The special bench of ITAT, Delhi gave this ruling on July 30, 2010, on an appeal filed by Tecumseh India, the Indian arm of the US-based Tecumseh. The transaction in question was the acquisition of Whirlpool assets at Faridabad and Ballabgarh and the non-compete fees it paid to Whirlpool. The assets were purchased on July 2, 1997 but the agreement for non-compete fees of Rs 2.65 crore was signed on July 10, 1997. 

Since the non-compete fee was claimed by Tecumaseh as revenue expenditure, it accordingly deducted the amount from computation of taxable income. The I-T department did not agree with the taxpayer’s contention and held that the payment of non-compete fee was capital expenditure and therefore tax has to be paid. The assessing officer, therefore added the expenditure back into the income computed for purpose of levying tax. 
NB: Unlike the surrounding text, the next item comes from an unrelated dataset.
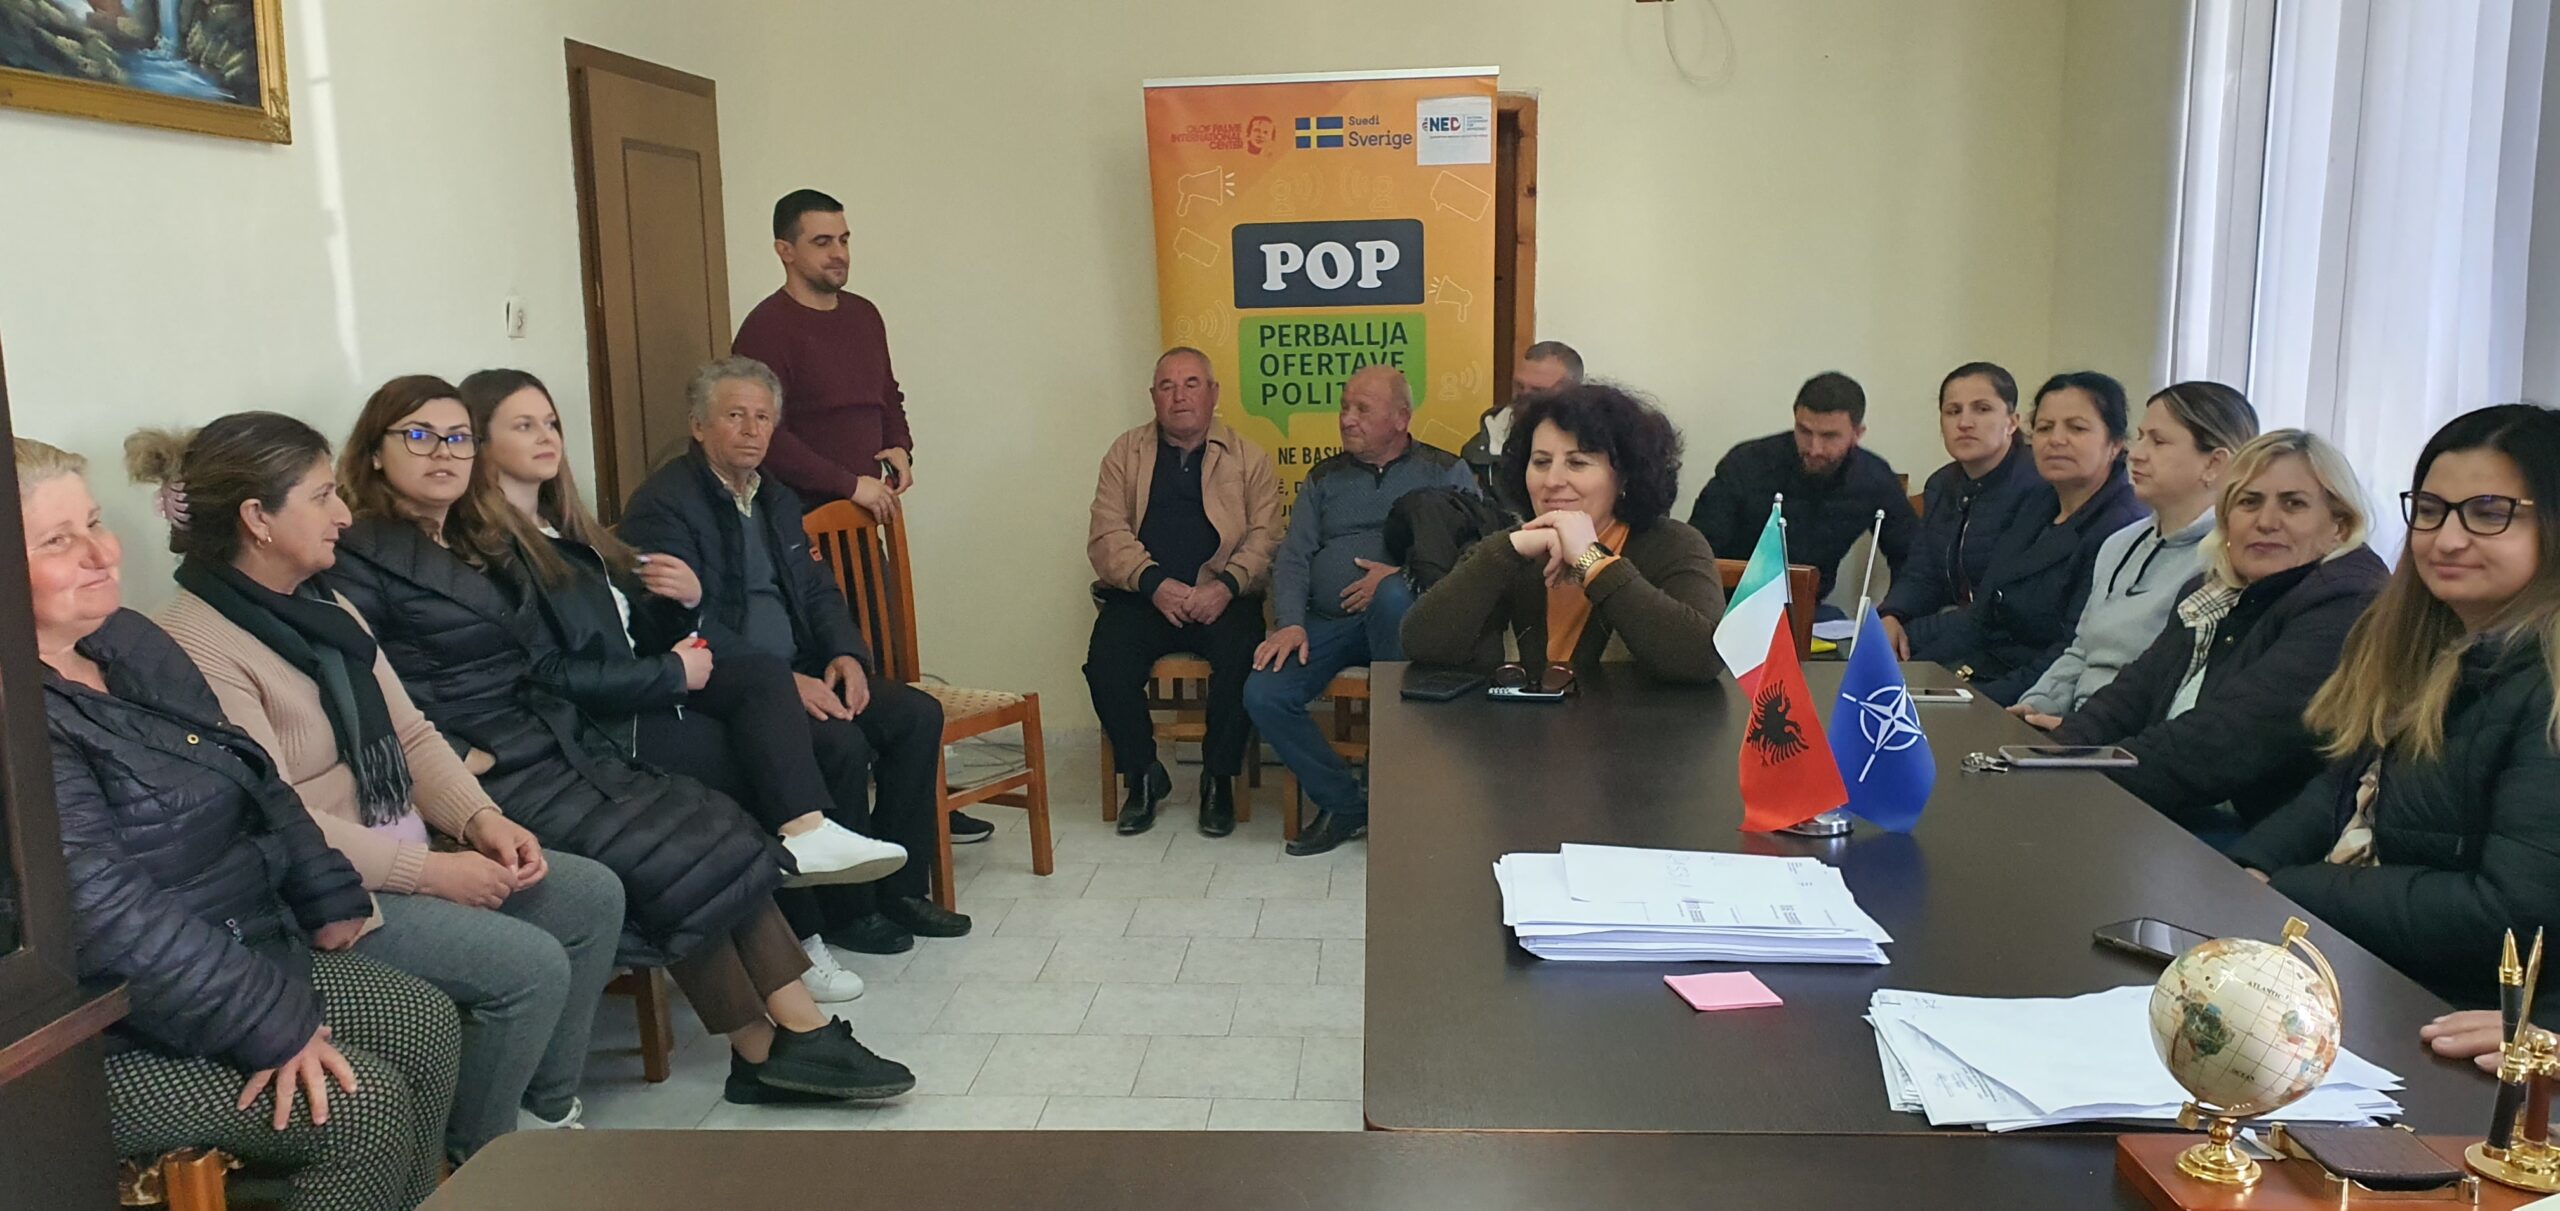 Fokus grup me qytetaret e Njesise Administrative Gjergjan, Elbasan

The company had cited the Delhi High Court decision in the case of Eicher to support its case. In the case of Eicher, the Delhi High Court had held that the non-compete fees are mainly for protecting the profitability and business interest of the company. 

Further, since no profit-making apparatus was created through the payment of non-compete fees, such expenditures could be classified as revenue expenditure, and therefore tax was not payable on this count. The tax payer company had also argued that the acquisition of Whirlpool assets and the agreement for the non-compete fee were made on different dates and therefore the latter could not be construed as part of the acquisition. 

The I-T department contented that though MoU and the agreement for paying non-compete fees, are signed on separate dates, they are part of the same transaction that could be classified as capital expenditure. 

The I-T department cited section 6 of the Indian Evidence Act which stipulates that courts should take note of facts which formed part of the same transaction though they may have occurred at different places and time. It said the non-compete clause was part of the same transaction.